3)    Humboldt était un romantique, et il imagine que dès le début, il y avait des sociétés et des langues. Pour lui, l’humanité est donc à l’origine divisée en langues et en peuples. Condillac par exemple, pensait qu’à la base, il n’y avait que des sauvages qui échangeaient des borborygmes.

Humboldt estime que le sanskrit est une langue parfaite, car ses racines sont monosyllabiques : or il est naturel, à son avis, d’exprimer chaque concept par une syllabe. A cela s’ajoutent les flexions, qui font du sanskrit une langue réellement parfaite faite pour la philosophie.

4)    Idée que la langue est la pensée du peuple (Volk)

En Allemagne, il y avait l’idée que la nation fait l’Etat. Ne pas oublier que les romantiques considèrent qu’au départ il y a une langue, donc un peuple, qui est à l’origine de ce qui va devenir un Etat. (Les Corses et les Québécois ont d’ailleurs le même raisonnement : « puisque nous avons une langue, nous sommes un peuple… »)

L’idée est que le peuple est une richesse culturelle, mais qu’il n’en est pas conscient, car il est innocent, enfant.

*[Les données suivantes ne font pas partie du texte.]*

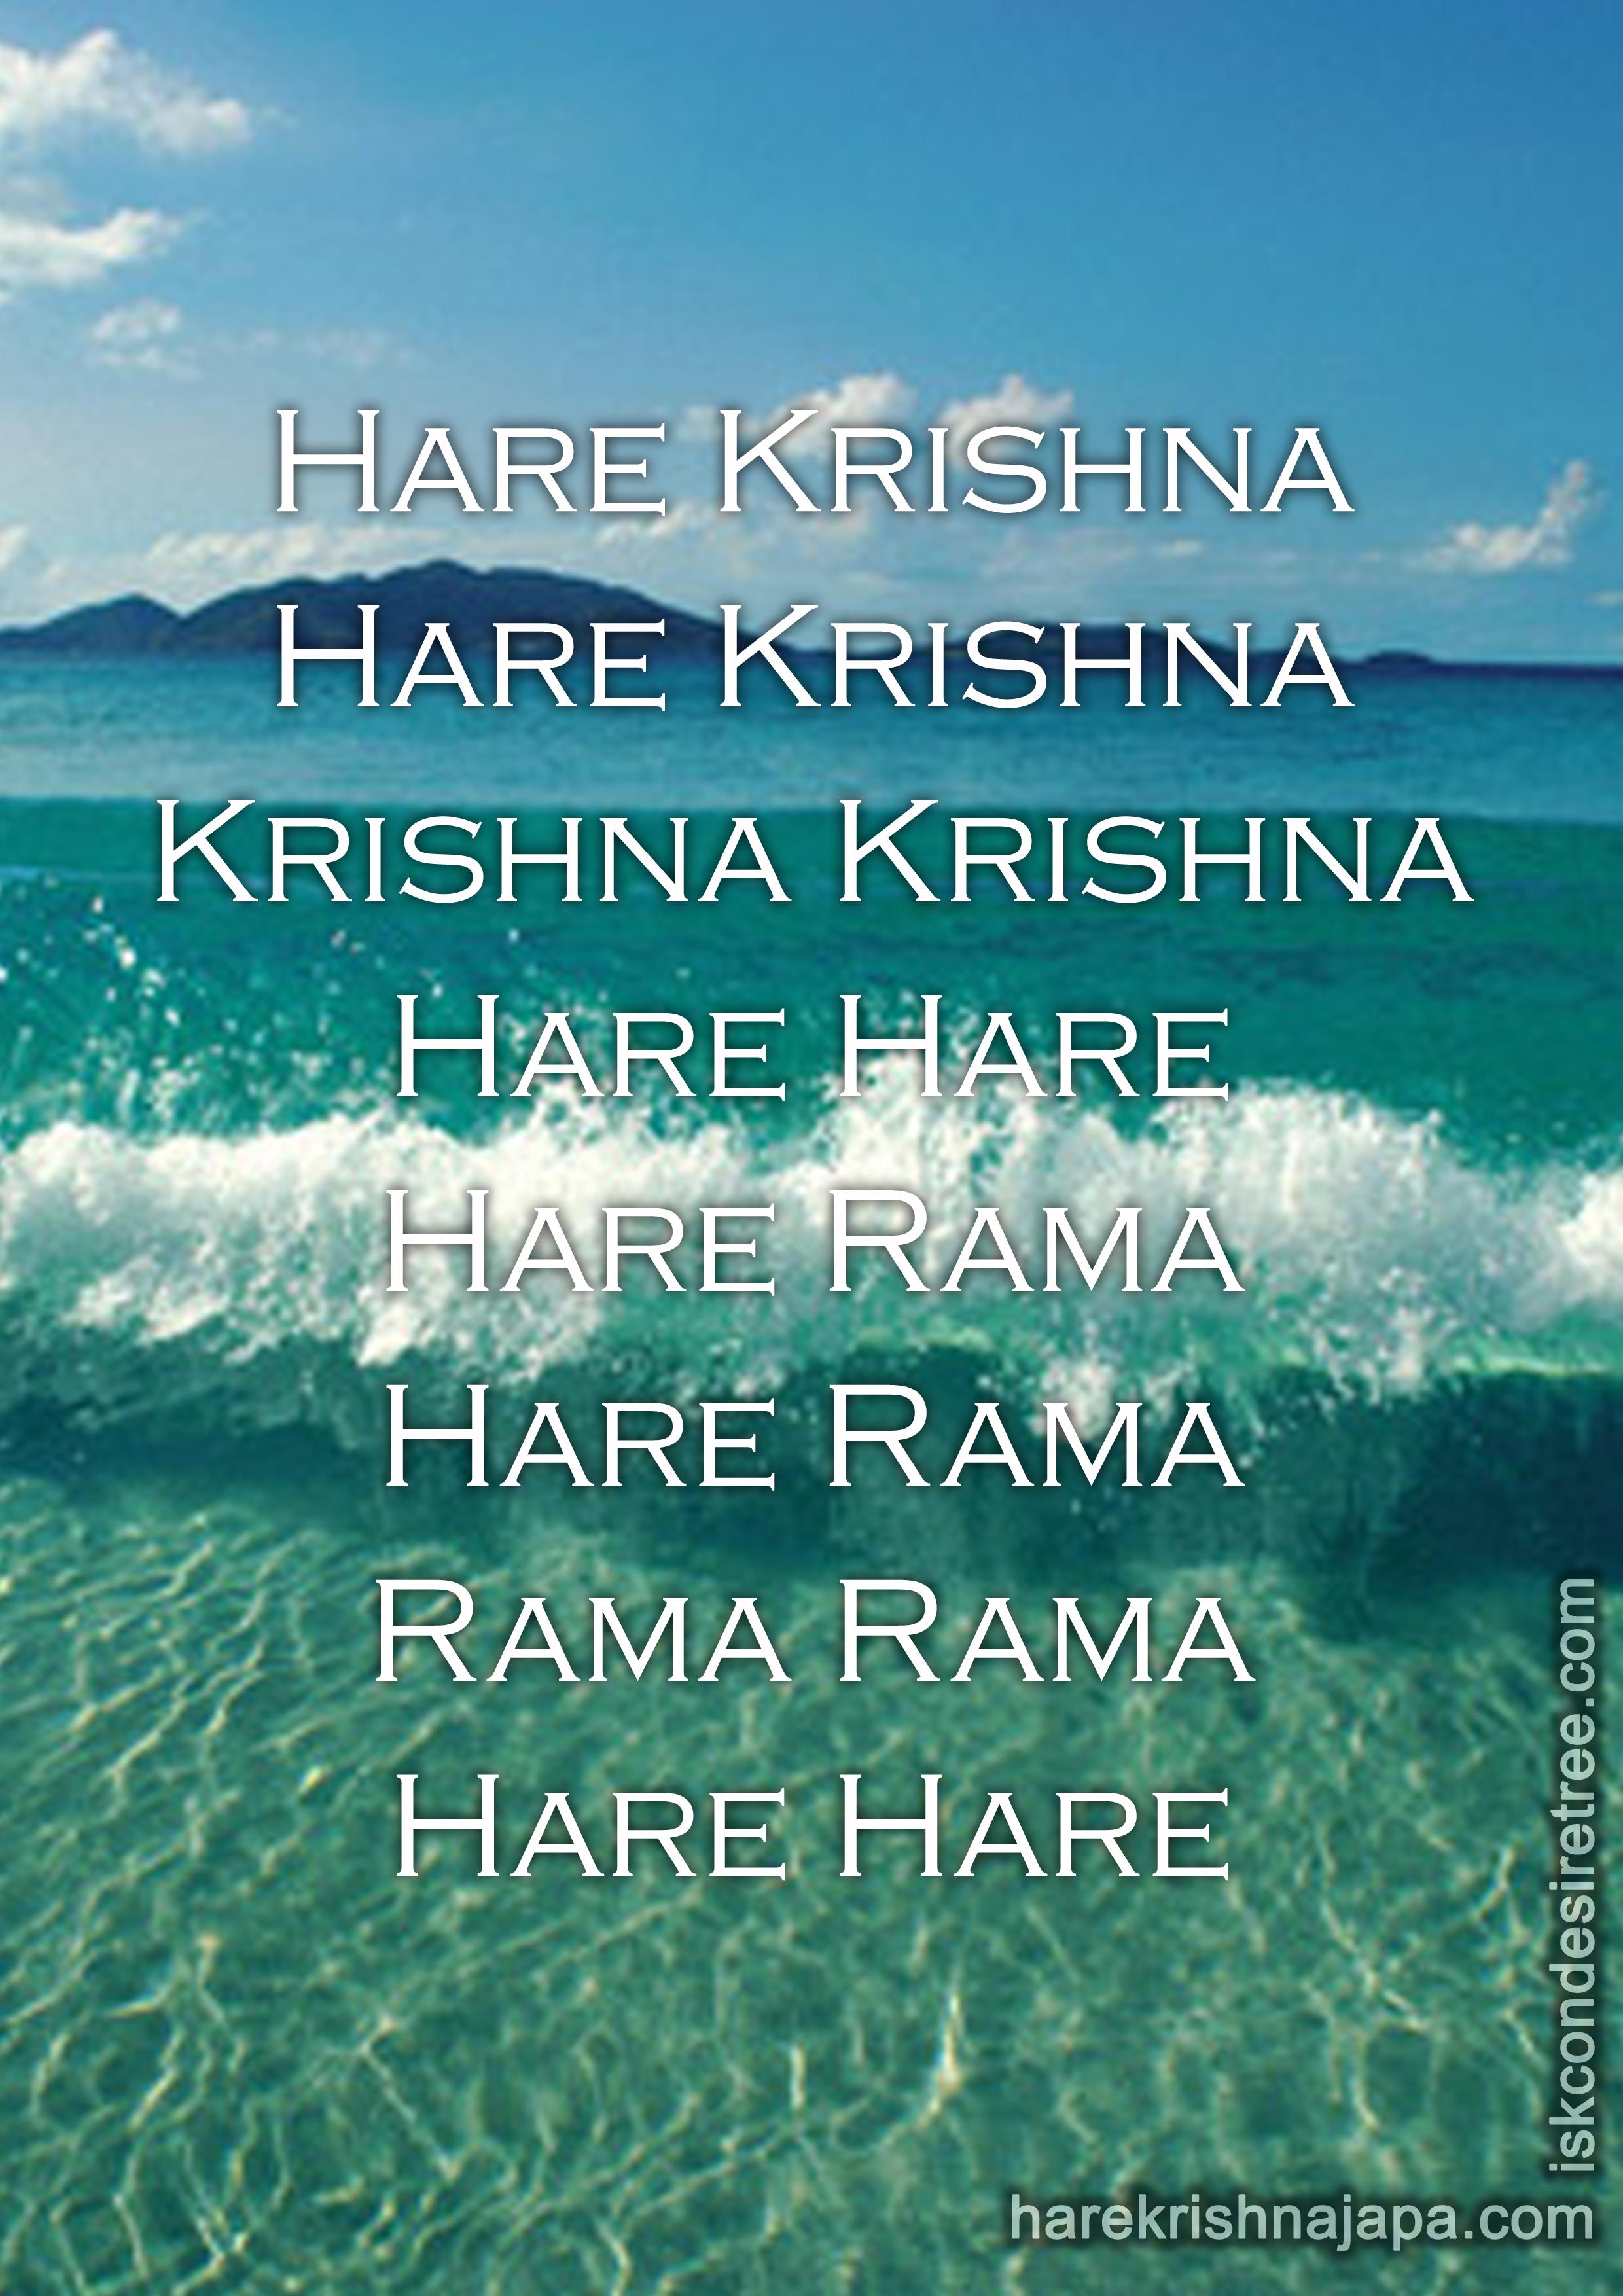 Hare Krishna Maha Mantra In Spanish 029 Hare Krishna Japa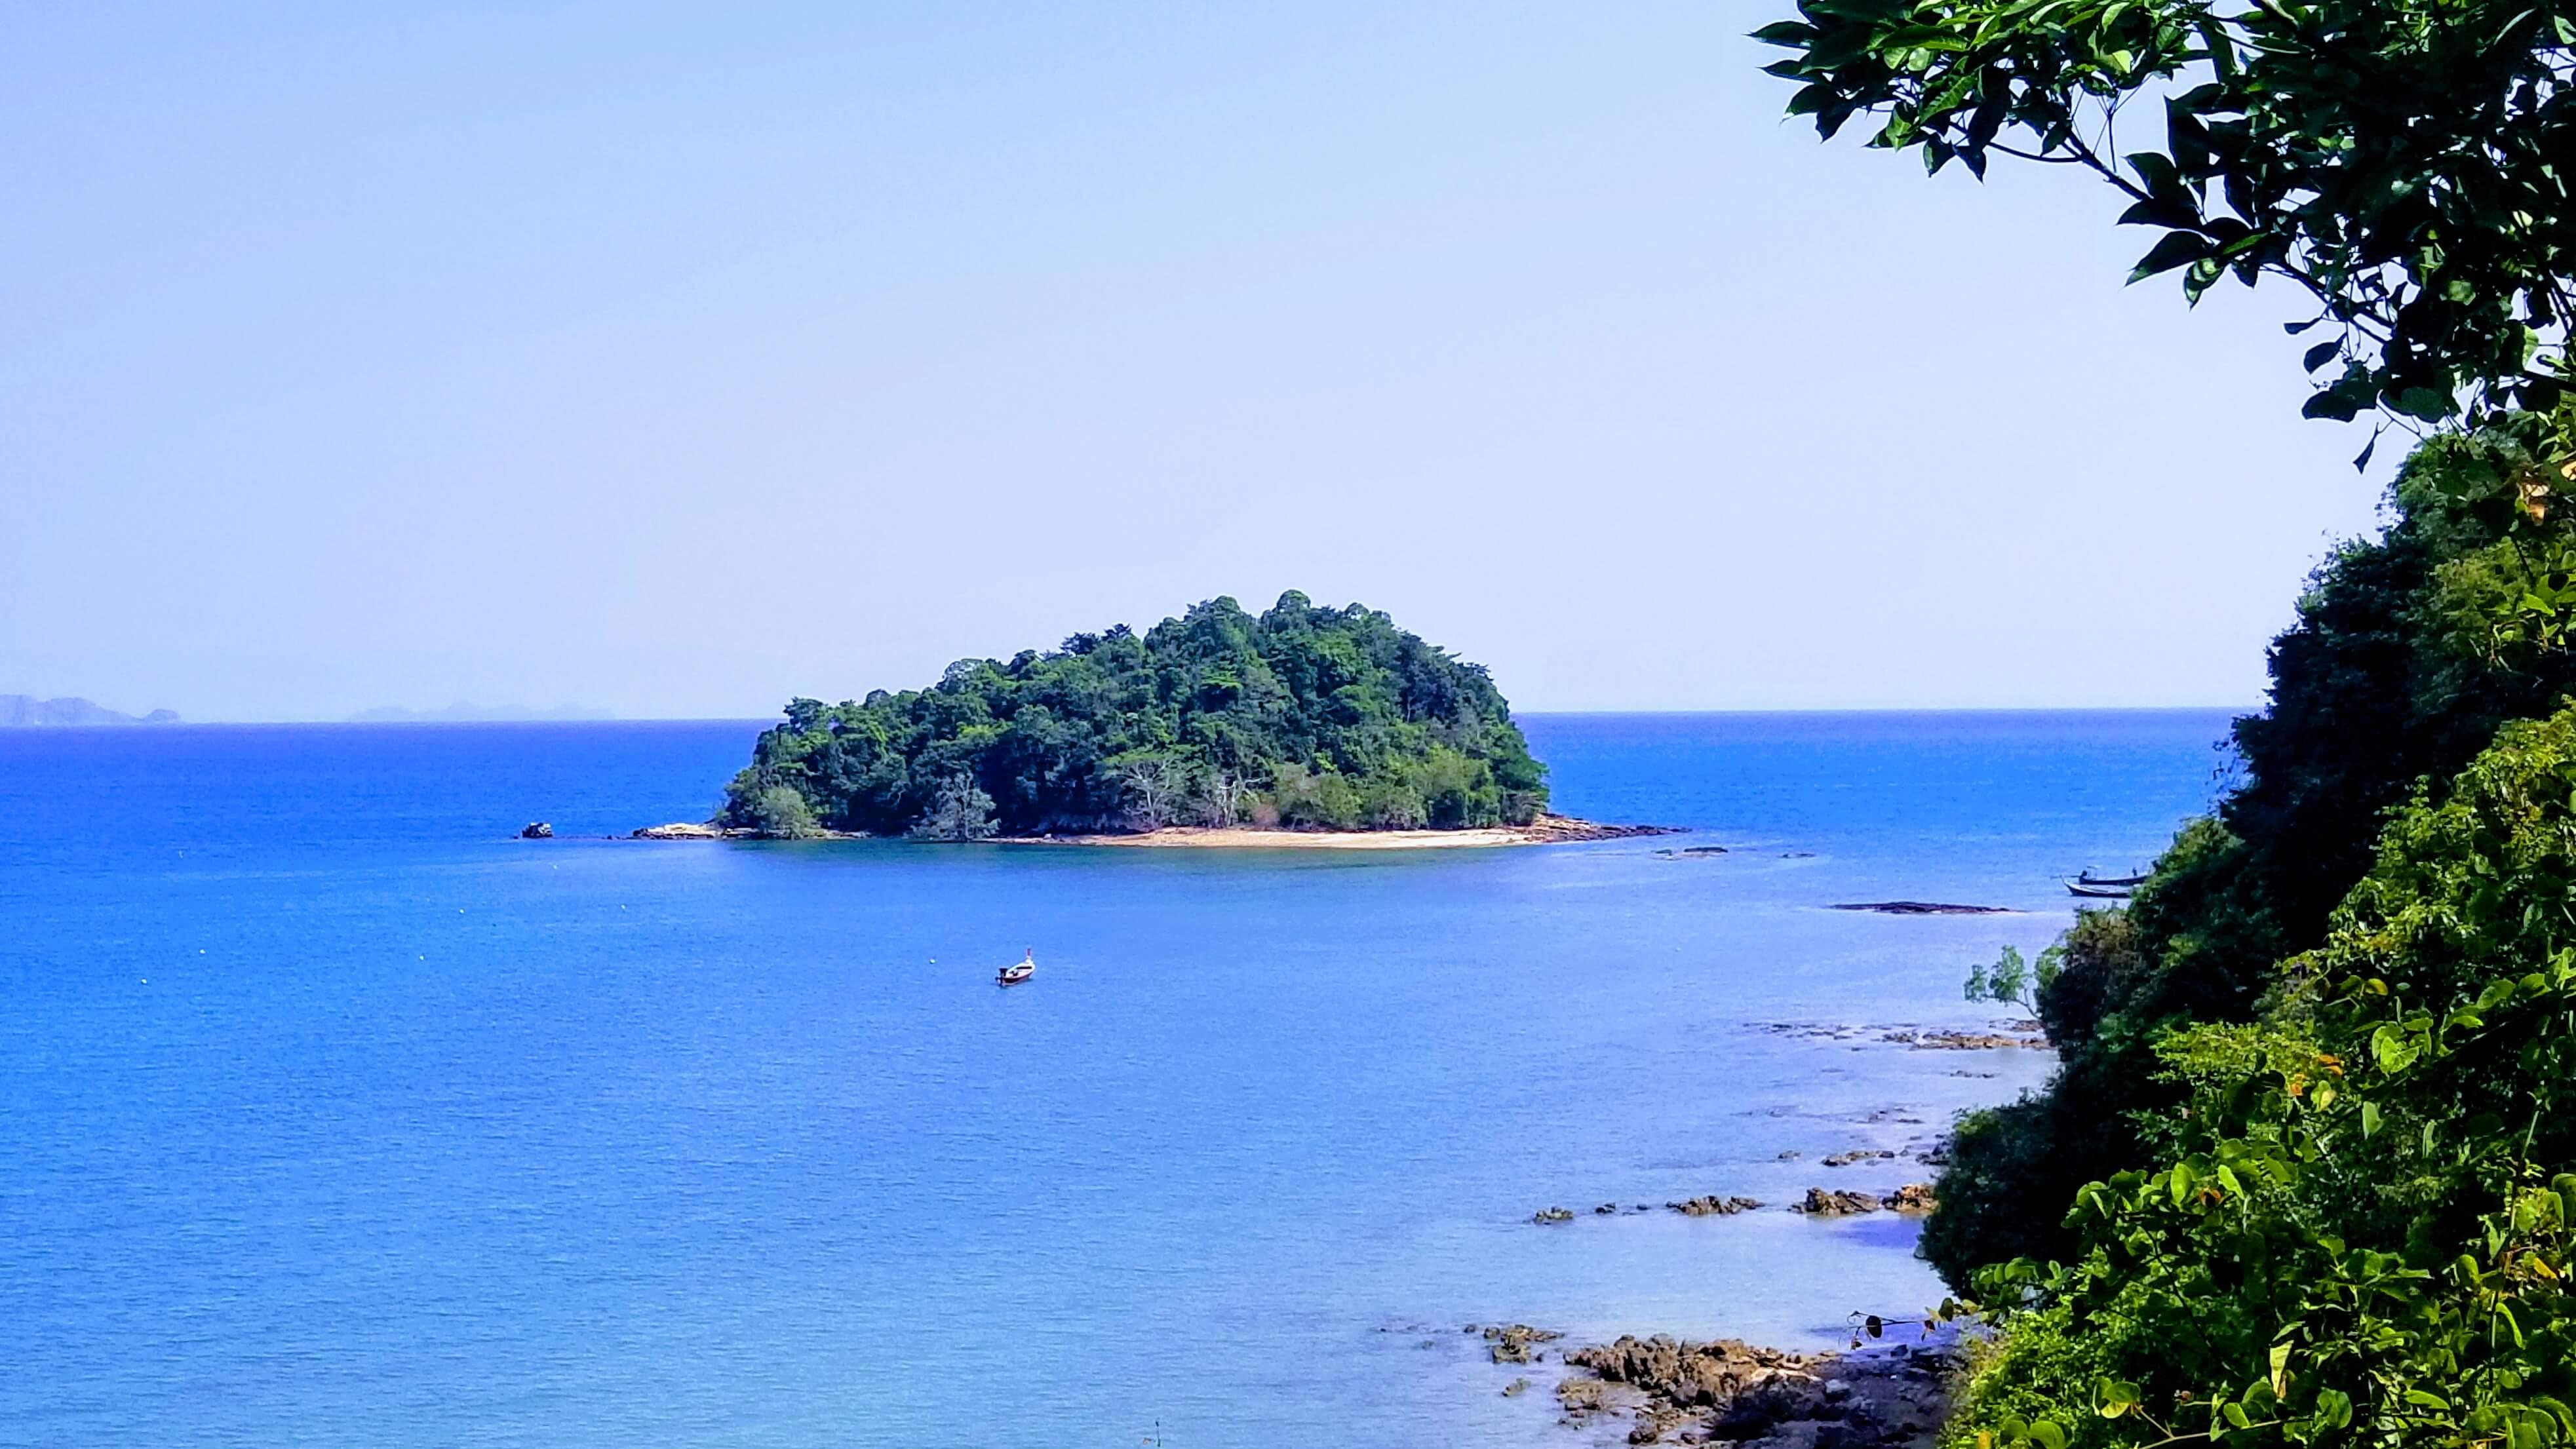 The small island of Ko Po.

Mais grâce aux intellectuels (par exemple, les frères Grimm qui allaient dans les campagnes, récoltaient des contes notamment, puis les réécrivaient) la richesse culturelle vient à la Bourgeoisie.

Le dernier ouvrage d’Humboldt devait porter sur la différence des langues, mais il n’a écrit que l’introduction de son ouvrage sur le kavi (langue religieuse de l’île de Java).

Une idée très importante chez Humboldt est que plus il y a de langues, plus il y a de visions du monde, et c’est une richesse pour l’humanité que d’avoir de nombreuses langues. On n’est donc pas du tout dans une vision négative de l’après Babel, où la multiplicité des langues est une punition.

Toutefois, chez Humboldt, on a un jugement de valeur : la supériorité de la structure d’une langue prouve la supériorité d’une mentalité, d’un peuple. Evidemment, pour Humboldt, la structure de l’allemand, celle du grec ancien et celle du sanskrit sont supérieures aux structures des autres langues. Finalement, Humboldt est déchiré : d’un côté, toutes les langues sont belles et ont tout ce qu’il faut pour penser adéquatement, mais d’un autre côté, seule une langue flexionnelle permet de bien penser.

5)    Humboldt propose une théorie stadialiste de l’évolution des langues : chaque langue est ainsi arrêtée à un certain stade. Ce qui intéresse Humboldt, c’est le stade de la pensée, et comment on pense.

6)    Humboldt a une position contradictoire, puisque il considère d’un côté qu’on doit penser chaque langue en fonction de ses catégories propres, mais d’un autre côté, que l’esprit exige certaines qualités qui sont celles des langues flexionnelles.

7)    Langue et vision du monde. Pour Humboldt, si on a un mot simple dans une langue pour désigner un concept, cela signifie qu’on a ce concept dans la langue donnée ; mais si pour exprimer ce concept on doit utiliser une périphrase, cela signifie qu’on n’a pas ce concept, qu’on ne le pense pas.

8)    Langue et connaissance du monde. Pour Humboldt, la langue n’est pas une nomenclature, mais elle est en création constante. Elle n’existe pas dans les dictionnaires ou les grammaires.

9)    Langue et peuple. Chaque langue est le reflet de l’esprit du peuple. Quand on parle une langue étrangère, on sort du cercle de sa langue naturelle pour entrer dans un autre cercle.